Cette dérogation, prolongée jusqu’en avril 2026 (EUROPE 13351/14) permet aux fournisseurs de services et hébergeurs de contenus de détecter volontairement des contenus CSAM.

« Afin d'éviter tout vide juridique, la Présidence invite la Commission à envisager de proposer une nouvelle prolongation de la durée d'application du règlement (UE) 2021/1232 », recommande donc la Présidence polonaise.

« Malgré tous les efforts déployés par la Présidence pour rassembler des soutiens en faveur d’une proposition de compromis, il reste encore du travail à faire pour parvenir à un accord sur un mandat de négociation ».

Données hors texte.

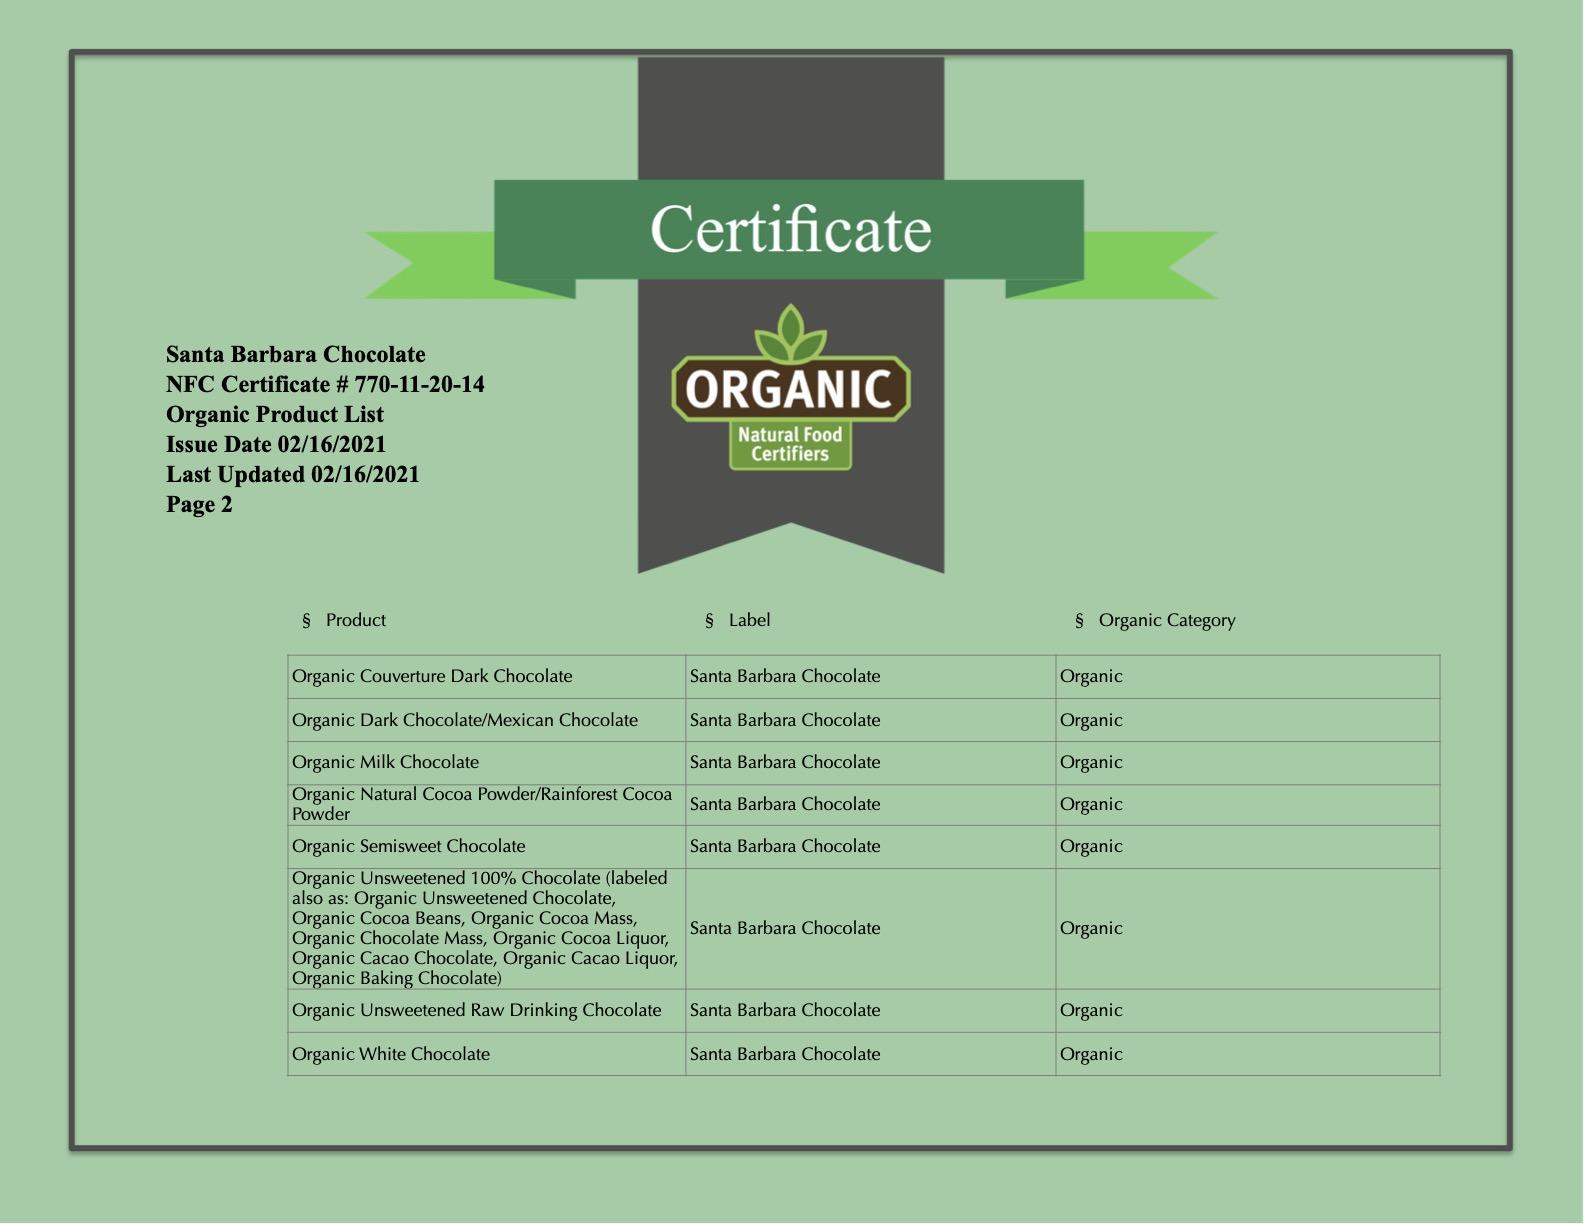 sbc-certificate-2-16-2021signed-1-11.jpg

Alors que ce règlement a été perçu au départ par certaines délégations comme un outil potentiel de surveillance généralisée des communications privées, la Présidence a concentré ses efforts « sur l'élaboration d'une solution innovante pour un compromis qui fournirait des outils efficaces pour limiter la propagation des abus sexuels sur enfants en ligne tout en garantissant le plein respect des droits fondamentaux et en répondant aux préoccupations liées à la protection de la cyber-résilience et de la cybersécurité », résume le rapport.

Elle avait en effet suggéré de poursuivre la détection volontaire ciblée par les fournisseurs conformément au champ d'application du règlement 1232/2021 au lieu d'établir la possibilité d'injonctions de détection et de protéger le chiffrement, tout en maintenant les services utilisant le chiffrement de bout en bout dans le champ d'application du règlement.

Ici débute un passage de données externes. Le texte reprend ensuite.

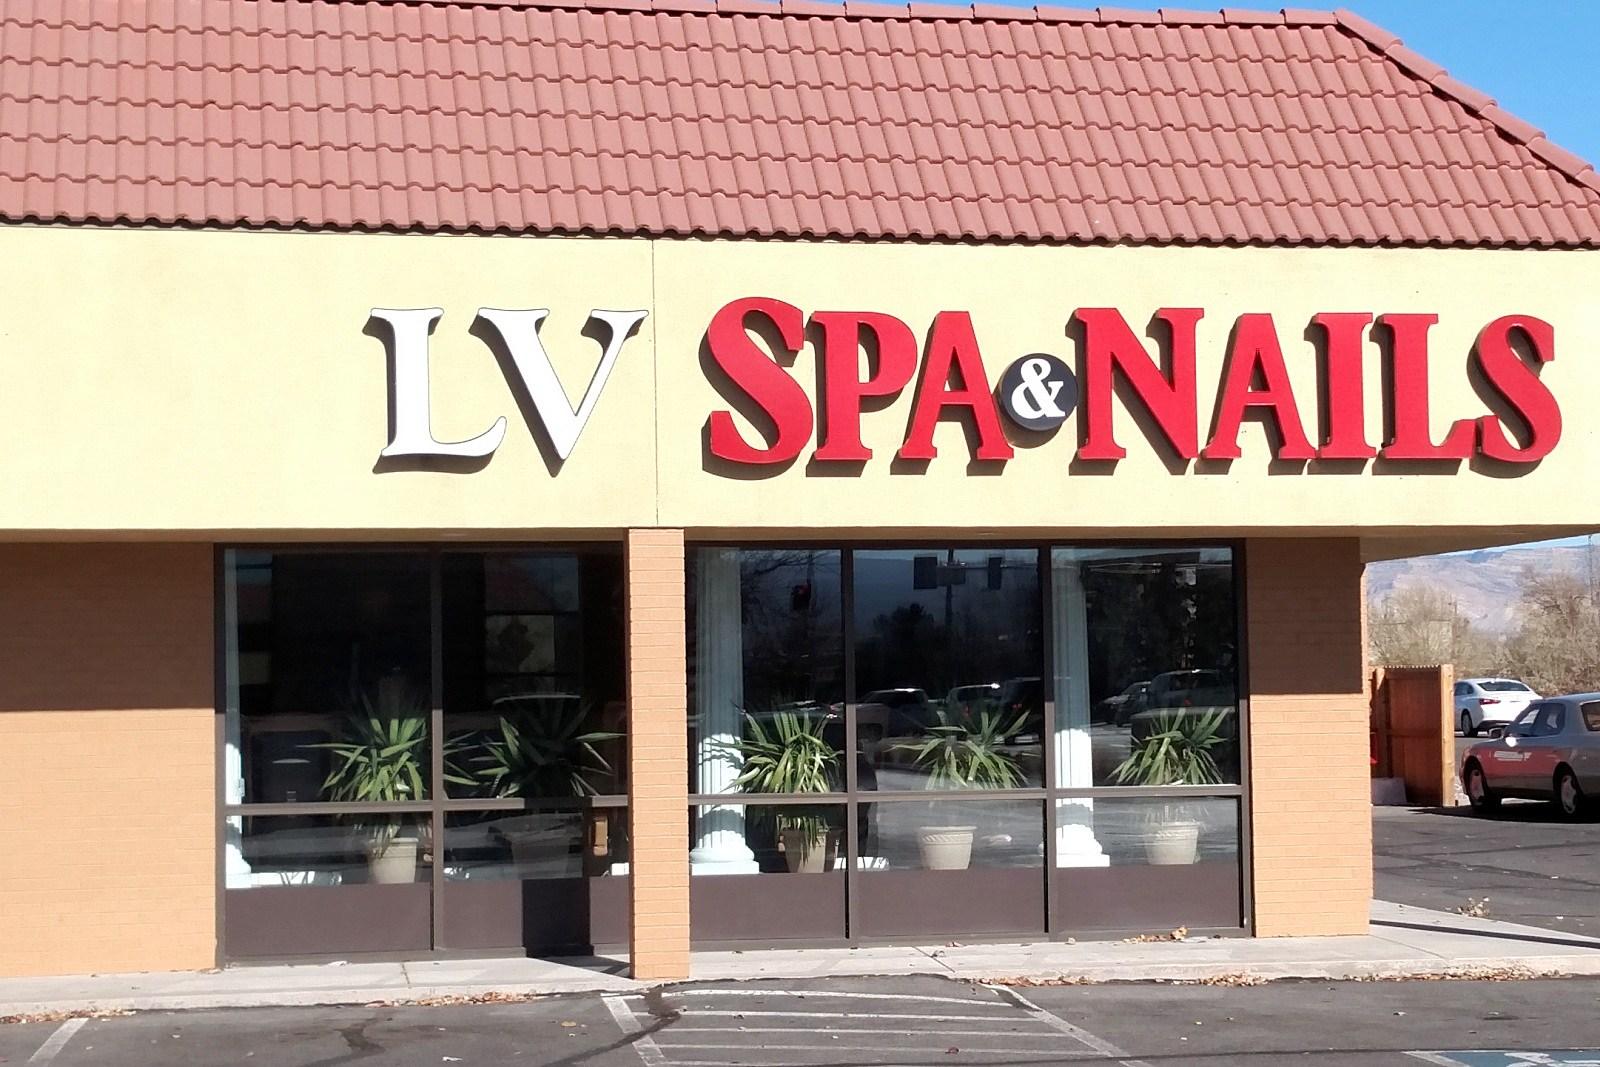 LV Spa and Nails

Elle avait aussi supprimé la catégorisation des risques et fait « une priorité » du soutien aux micro, petites et moyennes entreprises pour identifier et évaluer les aspects techniques de mesures spécifiques d'atténuation des risques.

Aucune majorité n’a toutefois pu se dégager. Lors de la préparation du Conseil 'Justice/Affaires intérieures', mercredi 4 juin, un groupe de pays a déjà demandé à la Commission une extension du régime actuel, selon une source.